Is my problem clearer now ?
Bojan Knezovic
Ranch Hand

Joined: Nov 20, 2003
Posts: 90
Originally posted by Dan Andrei:
Now I do not understand why in this case the simple call to super() still works since now class S is hidden so is not inherited in O.


To be perfectly honest, I can't check your code right now - too tired, too much reading. I'll do it in the morning.
Just wanted to tell you that I think the class IS INHERITED, but might be it's being "shadowed" by the local class. If it makes sense drop me a note, but I'll still check it out in the morning like I said.
'night.
Dan Andrei
Ranch Hand

Joined: Jan 21, 2004
Posts: 92
Well shadowind is different from hiding:
this is from JLS 2.0 , chap 8.5:
"If the class declares a member type with a certain name, then the declaration of that type is said to hide any and all accessible declarations of member types with the same name in superclasses and superinterfaces of the class.
Within a class C, a declaration d of a member type named n shadows the declarations of any other types named n that are in scope at the point where d occurs."
Also from JLS 2.0:"
"Note that shadowing is distinct from hiding.
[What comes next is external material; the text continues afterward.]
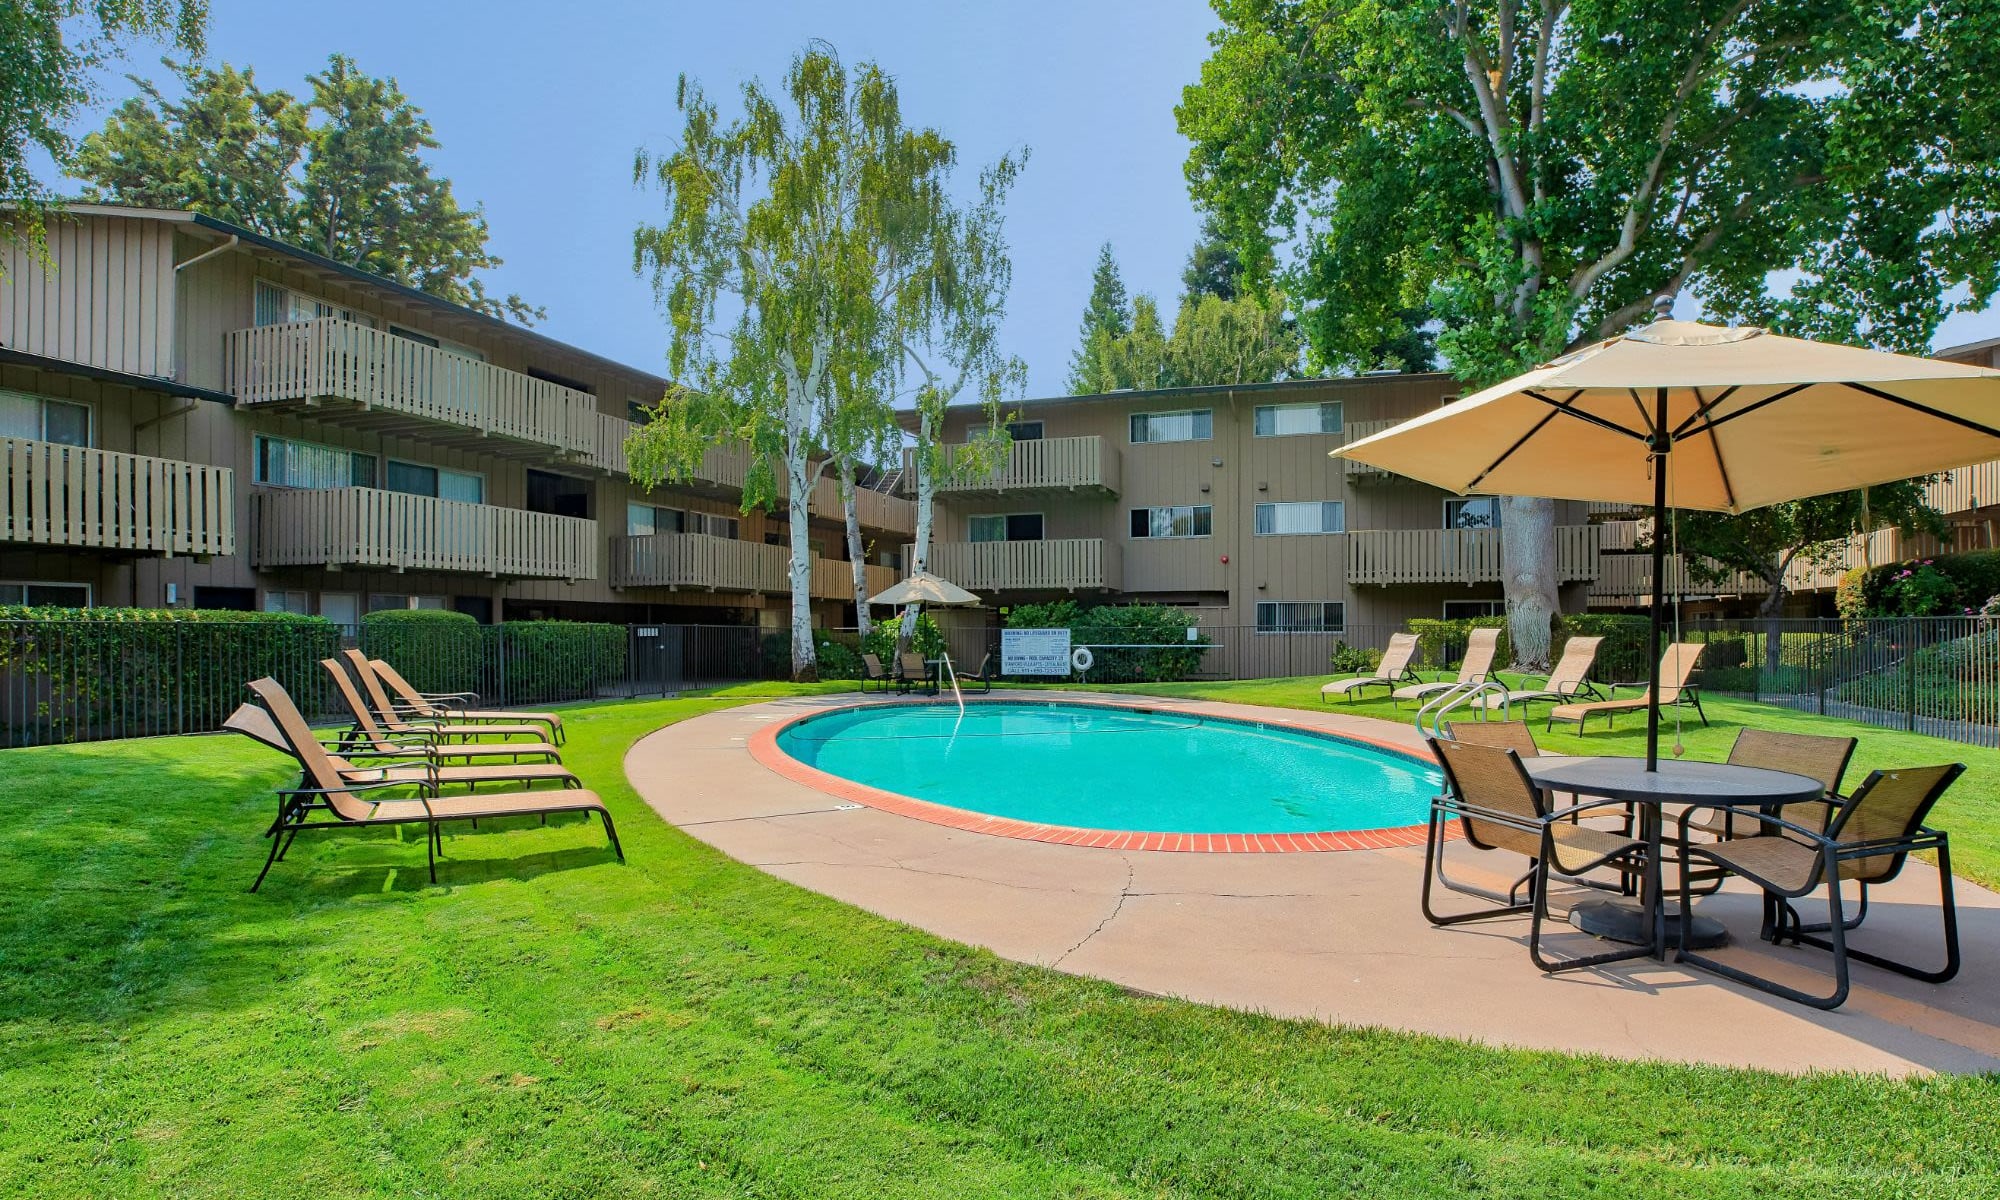 Pool area at Stanford Villa Apartment Homes in Palo Alto, California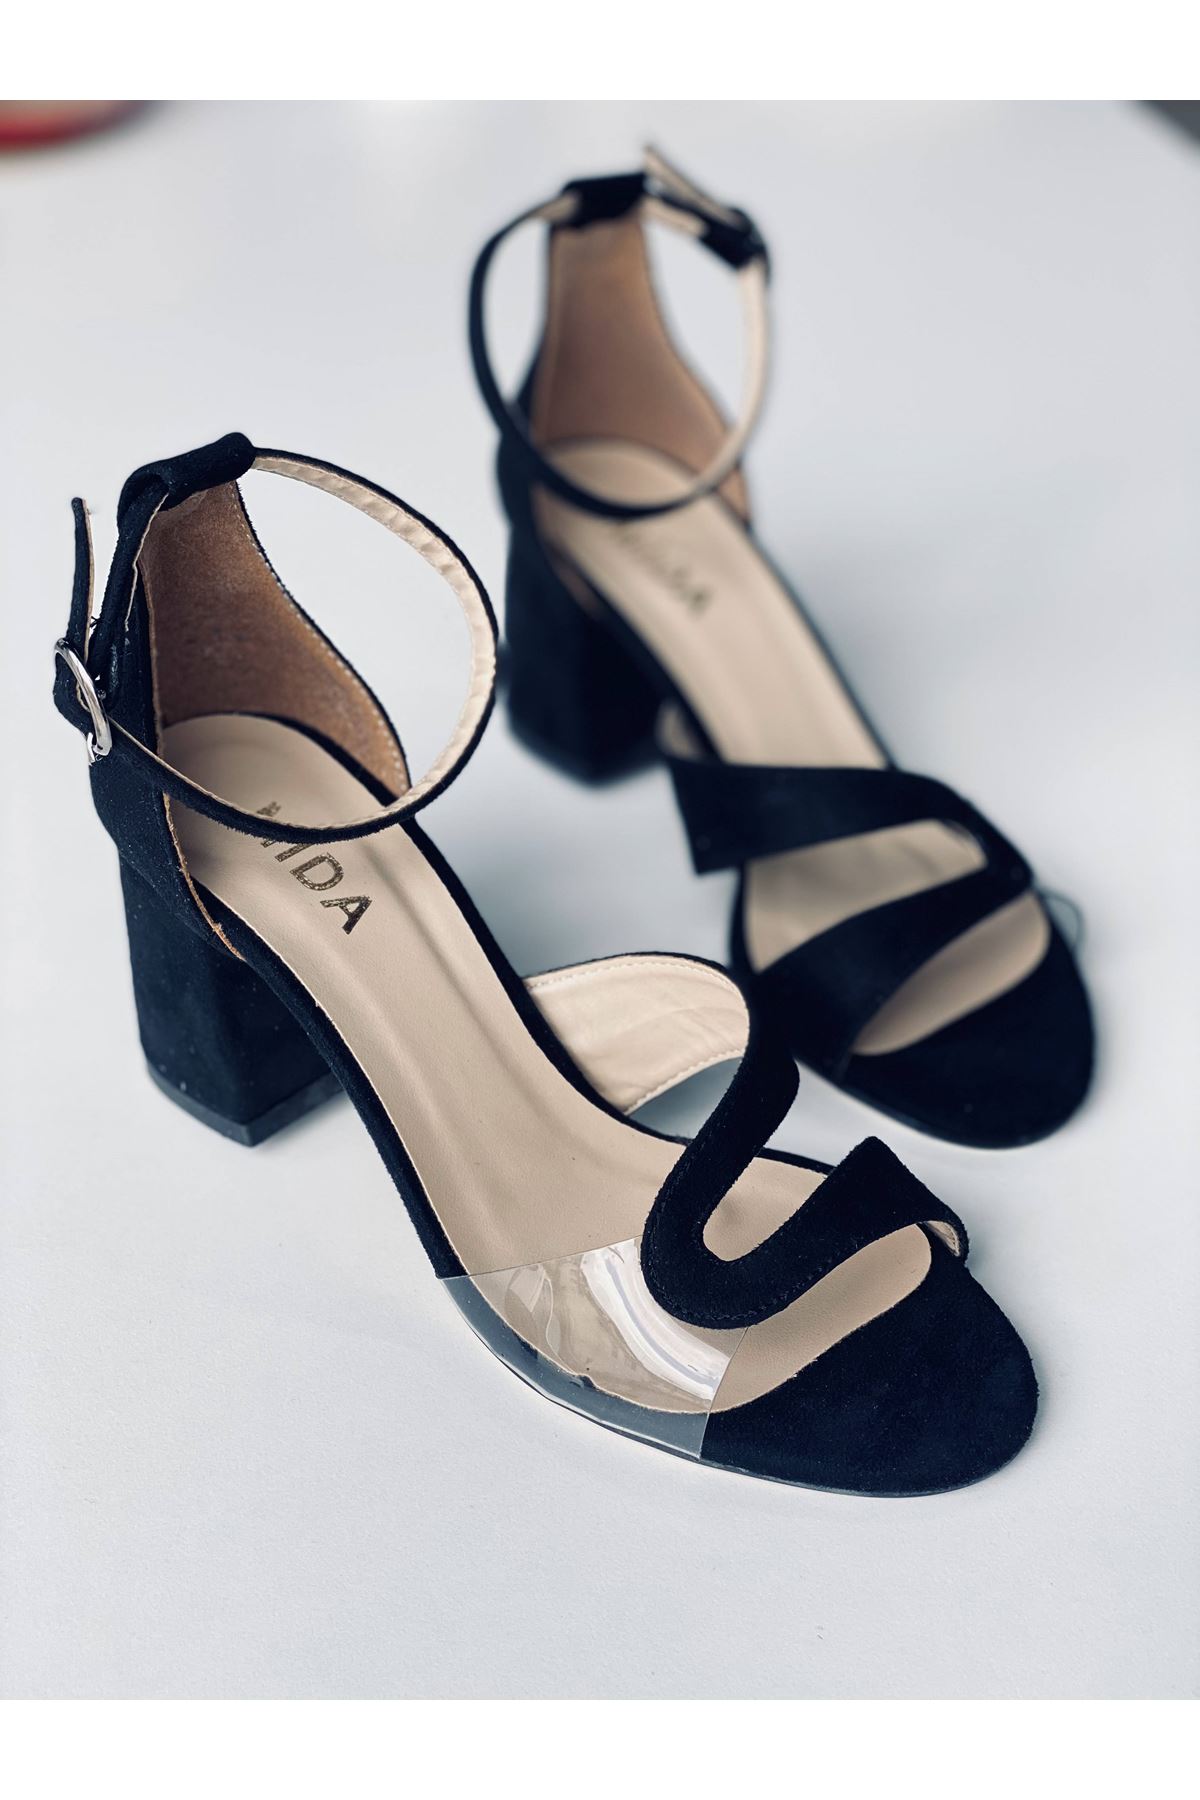 Mida Shoes Y610 Siyah Suet Topuklu Ayakkabı

Hiding, in the technical sense defined in this specification, applies only to members which would otherwise be inherited but are not because of a declaration in a subclass."
Second, there is no LOCAL class here, is an INNER CLASS!
Third, to check my program you can use one of my prevoius posts, where I inserted contrs. with prints stats.
Dan Andrei
Ranch Hand

Joined: Jan 21, 2004
Posts: 92
Please read previous post also
Here is the program with the constr. inserted:
class P {
P(){System.out.println("P");}
class S {
S(){System.out.println("P.S");}
}
}
class O extends P{
O(){System.out.println("O");}
class S { // hides P.S
S(){System.out.println("O.S");}
}
class C extends P.S {
C () {
super();//calls P.S constructor
System.out.println("C");
}
}
}
class Test8851{
public static void main (String args[]){
O oo =new O();
O.C cc= oo.new C();
}
}
Bojan Knezovic
Ranch Hand

Joined: Nov 20, 2003
Posts: 90
OK, I have seen the last piece of code that you posted and all I can say is that I don't understand what's wrong - it returns what I expected:

returns

P
O
---
P.S
C


If class C was to extend O.S, the output would've been different:


P
O
---
O.S
C


Again, quite understandable.
What I'm trying to tell you is that by OO principles (or at least by the principles they taught me in the U days), inner class S inside the class O that extends P CANNOT hide the class S in P.S like you said in your comment:


As I said before, one is S inside O the other one is S inside P, although the O extends P it doesn't matter - it's not like that by extending something it will be at the same "level" as if you declared it directly in your extending class (simply put it's not the same). There's that additional level of encapsulation and because of it your class S in O can't hide the class S in P.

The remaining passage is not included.